There is a final question that needs to be examined before going on to the discussion of the results of this study. We have noted the fact that there seem to be variations between the cultures in terms of the adequacy of the selected GD scales as estimates of the SD. The question poses itself whether the equivalence adequacy between the two instruments can be improved by selecting GD scales separately and independently for each culture. Four such "indigenous" GD scales were selected for each location by inspecting the correlation matrix for the data in each language/culture and identifying the GD scales which correlated most highly and purely with the four SD scales that represented the three factors. This search yielded four SD scales for each factor in the five cultures as presented in Table 7. As can be seen, the best indigenous scales overlap in only a small number of cases with the cross-cultural GD scales (see Table 4). Furthermore, the same scale may tap different factors in different cultures (e.g. scale 1 is A for DH but P for GG and JP).

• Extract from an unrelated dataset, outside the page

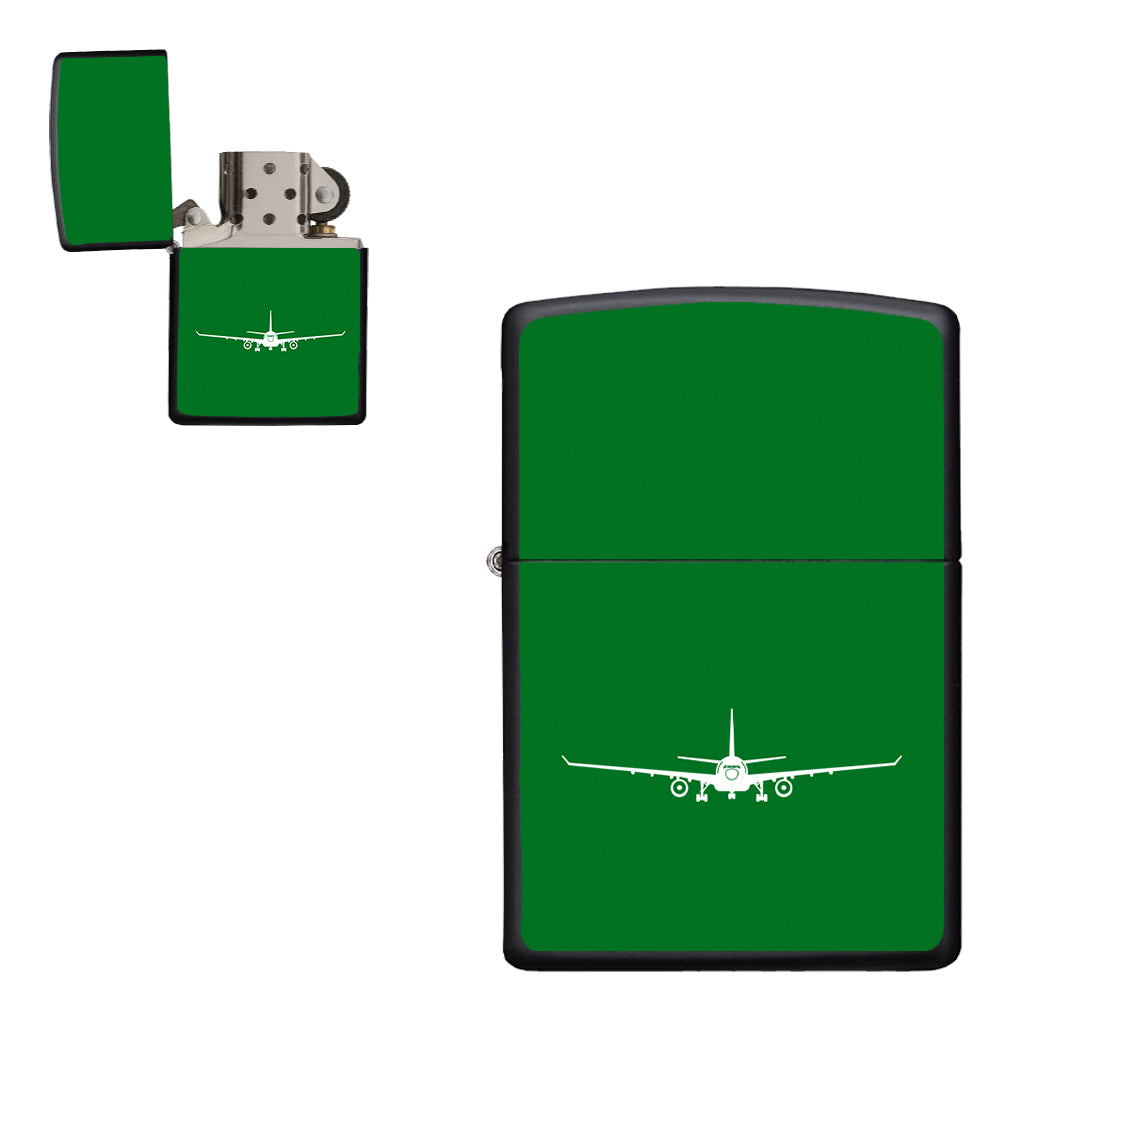 Airbus A330 Silhouette Designed Metal Lighters

The intercorrelations of composite means for the 50 concepts rated on these selected indigenous GD scales with their respective SD scales are presented in Table 8. Comparing the diagonals in this table with the corresponding figures in Table 5, it is immediately apparent that the indigenous GD scales are a much better estimate of the SD scales than the cross-cultural GD scales (median: .67 vs. .51) with some truly dramatic differences in evidence (e.g. P for AE 3 vs. .05; A for DH: .59 vs. -.21).
Looking at the differences in intercorrelations between the two instruments for the abstract versus the concrete concepts, the previously noted evidence for visual denotative contamination is again corroborated here, even more strongly than before: in 12 of the 15 diagonal comparisons, the coefficients for the abstract concepts are larger (in several cases, quite substantially).
It should be noted that the procedures used in this study are likely to underestimate the degree of equivalence of the two instruments. It will be recalled that there were five sub groups of subjects, so that each subject rated only 10 concepts. In addition, the ratings were spread over two different sessions. It would be expected that under more suitable conditions (e.g. every subject rating every concept on the selected and reduced number of GD scales), the intercorrelations between the ratings with the two instruments would yield even higher coefficients than those in Tables 5 and 8.